YouTubeのembedによる貼り付けを例に出すまでもなく、今現在のWEBコンテンツに重要な要素のひとつはポータビリティである。ソーシャルメディアという「単なるプラットフォーム」にWEB全体のトラフィックが移行していることを考えても、どこかにどっしり構えて(たまにプロモーションでもしつつ)人を待つ、なんていうのはナンセンスで、いかにshareabilityを高めていくかが極めて重要であることは間違いない。それはスキームだけではなくコンテンツそのものについても同様。たとえば「つっこまれビリティ」なんてのがそれに当たる。人はWEBにおいてももはやひとりでコンテンツを消費しないのだ。RT万歳、である。
で、何が言いたいのかというと、そういう現状における「WEBデザイン」っていうのは何なんだろう、ということ。ここまでその「コンテンツ」の制作主体については考えて書いていないけれど、CGMについてはもちろん、企業のWEBサイトだって”co.jp”上だけで消費されるはずもなく、ソーシャルストリームに乗せられフラットに評価されることになる。そうなった時、自由に表現できる”www”という「場」だったはずのWEBが急激にプラットフォームに支配されることになる。YouTubeのチャンネルのカスタマイズ性の低さに悶絶したWEBクリエイターは数知れずだと思うし、Facebookの「ページ」だってお世辞にもデザイン上の自由度が高いともいえない。一方で、ユーザビリティを最大限に考慮しながら美しくデザインされたWEBサイトへのトラフィックは減る一方なのだ。
限りあるリソースを自社のWEBユーザビリティの最適化に割くべきか、ソーシャルメディアにおけるユーザー体験の最適化に割くべきか、その割合は企業によって異なるだろうけど、大きくソーシャル側にシフトしつつあるのは間違いない。
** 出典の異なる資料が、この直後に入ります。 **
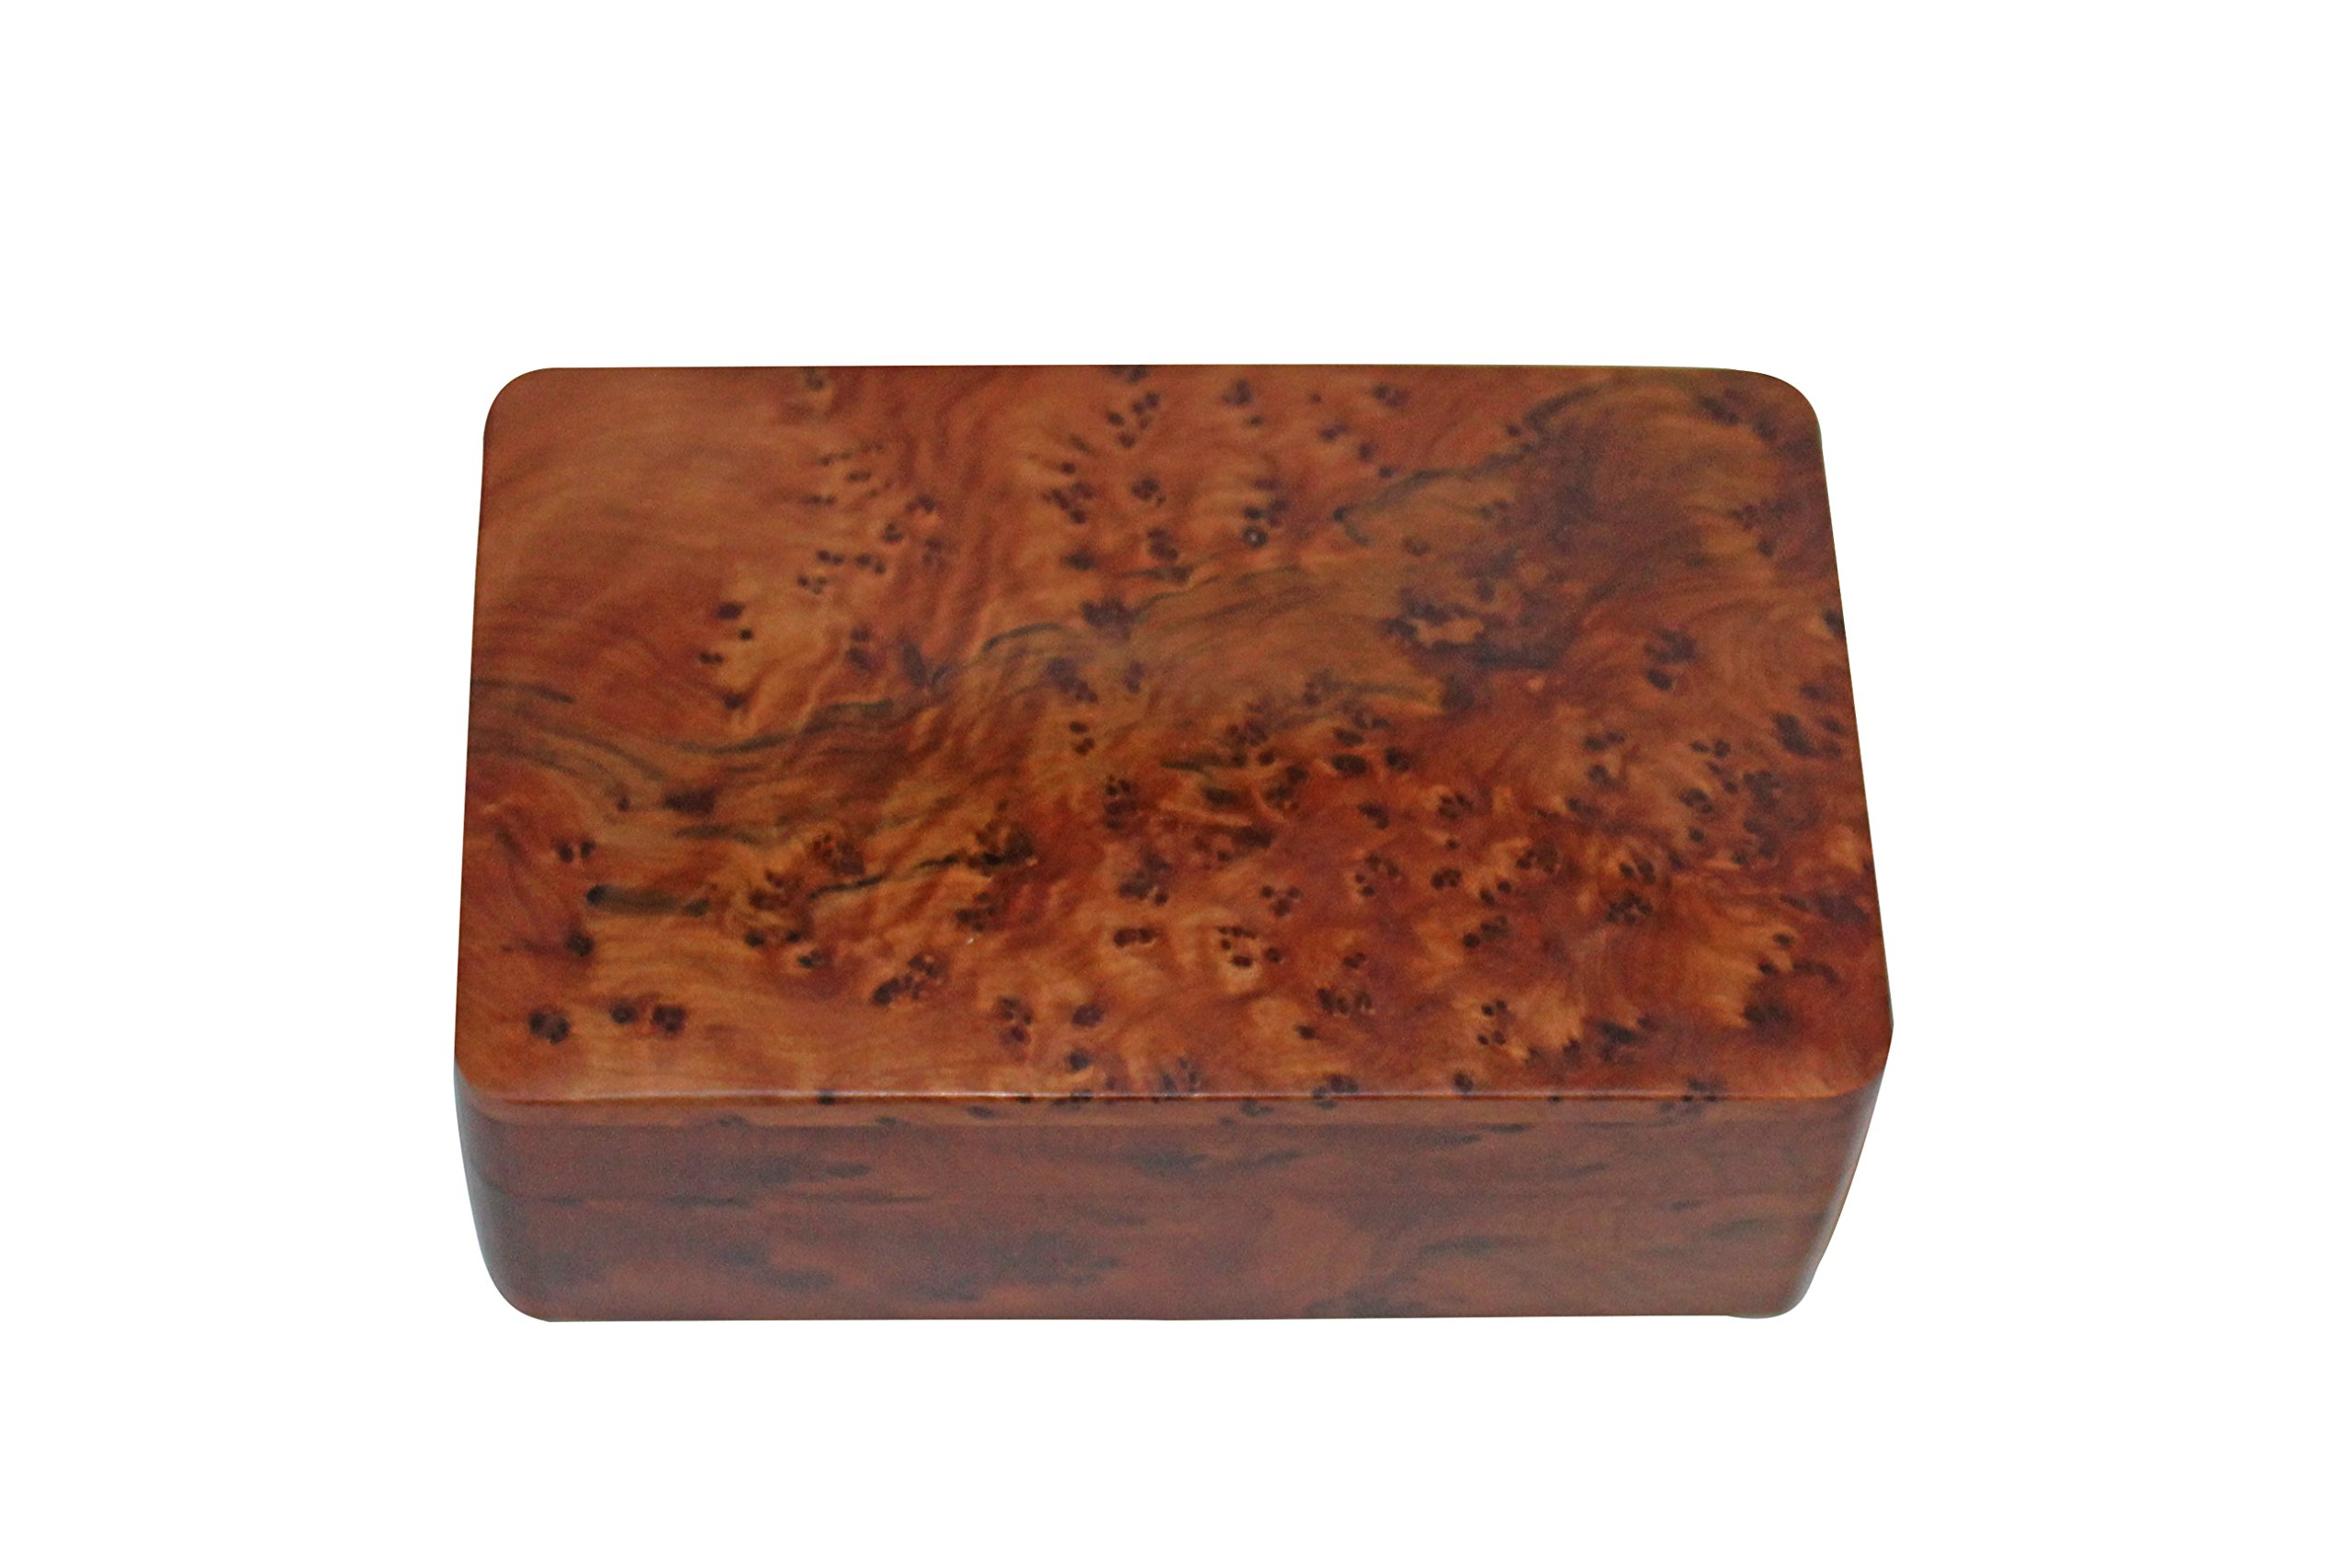 Bazaardi Exotic Hand Carved Wooden Multipurpose Keepsake Jewelry Trinket Box Storage Organize (Medium wood Box)

自社サイト以外は単なる集客チャネルのひとつであり、主戦場はあくまで自社サイトである、という時代はもう終わったのだ。では、WEBデザイナーはどこで何をデザインしたら良いのか。いわゆる「WEBデザイン」は終わったのか。
自分自身今はWEBデザイナーでもなんでもないので、こんなことを言うのは超余計なお世話以外のなにものでもないんだけど、思うところを。かつて、広告のプランニング業務をしていた人々が徐々に「コミュニケーションデザイナー」などと名乗り出しているところにヒントがあるんじゃないかな、と。広告屋さんの仕事を単に企業のコマーシャルメッセージをいかに消費者に届けるかに限定する必要はなくて、そもそも広告を作る過程で数限りなく消費者のこと、市場のこと、トレンドのこと、その他いろんなことを考え抜いているわけで、そこで蓄積されたもののアウトプット先は数限りなくある。「コミュニケーション」の「デザイン」がソリューションとして適用できるところならどこにでも。「広告」はなくなるかもしれないけれど「コミュニケーション」はなくならない。それにしてもうまいこと言うよな。さすが電通。
じゃあ、WEBデザイナーはどうするのか。結論、「インタラクションデザイナー」になればいいのだと思う。WEBデザイナーはWEBの誕生以降、極めて特異で極めて複雑なものをデザインしてきている。そもそも能動的なメディアであり客体とのインタラクションを想定して考えなければならず、更新性を担保するためにモジュール化を考えたり、時には印刷というアウトプットまで面倒を見なければならない。そんな面倒で仕方がないメディアをデザインしているという経験を活かすべき場は腐るほどあるのだ。たった今でさえ、無意味に「領収書あり」みたいなボタンを何も考えずに表示して押さないと先に進まない駅の自動券売機のタッチパネルとか、どう考えても売上の最大化に向かって最適化されていない飲料の自動販売機とか、そういうものがたくさんある。IPv6やらでいろんなものがネットワークにつながった段階でそれをきちんとデザインしなければいけないというニーズは必ず発生する。トラッキングも出来るしね。そのニーズに対応できるのは、今「WEBデザイナー」という職種についている人たちじゃないかと、割と真剣に思っている。
取り急ぎ、マウスとキーボードと、ペンタブを捨てよう(あとでまた拾うけど)。小さなディスプレイの中にはない、広大なステージが、まだまだたくさん、きっとある。